The gravamen of the Complaint is that the State Court Judgment was based on an alleged "illegal" employment contract between Cahall and TDD. The other remaining Defendants are either affiliated with TDD or represented TDD in the State Court Action. The Complaint alleges that the employment contract between Cahall and TDD was illegal because Cahall was not a licensed realtor and/or broker and could not be employed by TDD in the capacity in which he was hired. Therefore, the Complaint asserts that there could be no damages arising from the breach of the alleged illegal contract and the continued pursuit of the State Court Judgment perpetrates a fraud upon the State Court and this Court.

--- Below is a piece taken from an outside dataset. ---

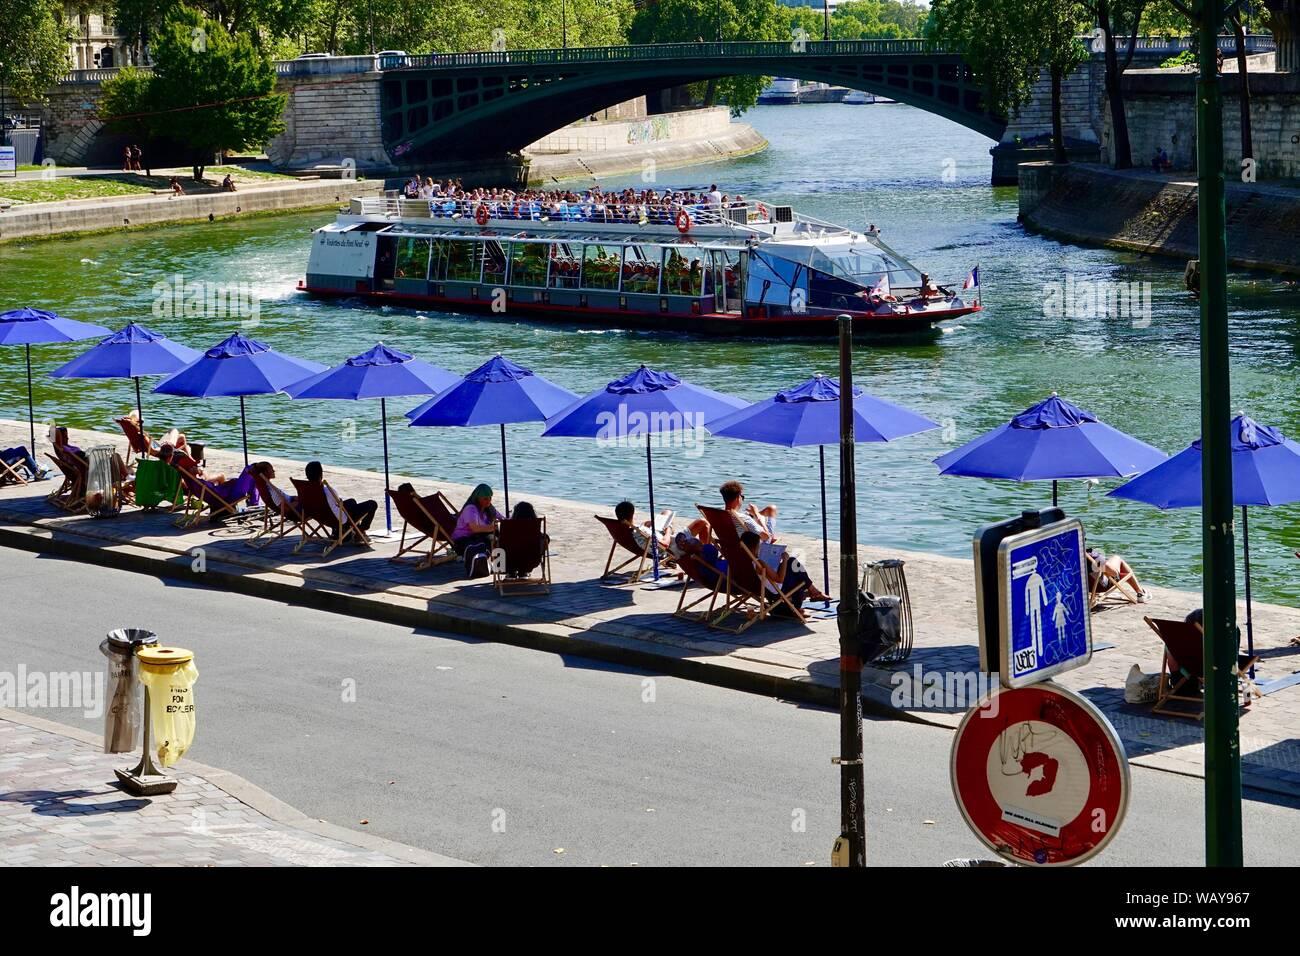 people-relaxing-under-blue-umbrellas-in-

Count I of the Complaint asserts a claim for "void judgment and invalid lien" and alleges "[i]n rendering the judgment against Pieterse, the trial court acted without any authority, discretionary or otherwise, and lacked subject matter jurisdiction over these issues" and "in rendering the judgment against Pieterse based on these unpled issues, the trial court did not provide Pieterse with adequate notice or an opportunity to conduct a reasonable discovery or an opportunity to present an adequate defense at trial, thereby depriving Pieterse of her constitutional rights to due process, as provided her by the 14th Amendment to the United States Constitution." Compl. at pp. 46-48. Count I requests that the Court (i) declare that the State Court Judgment is void, (ii) vacate the State Court Judgment, (iii) declare that the judicial lien against the home of Pieterse arising from the State Court Judgment is invalid and of no further force and effect, and (iv) declare the claim in Pieterse's bankruptcy case arising from the State Court Judgment is invalid and of no further force and effect. Compl. at p. 48.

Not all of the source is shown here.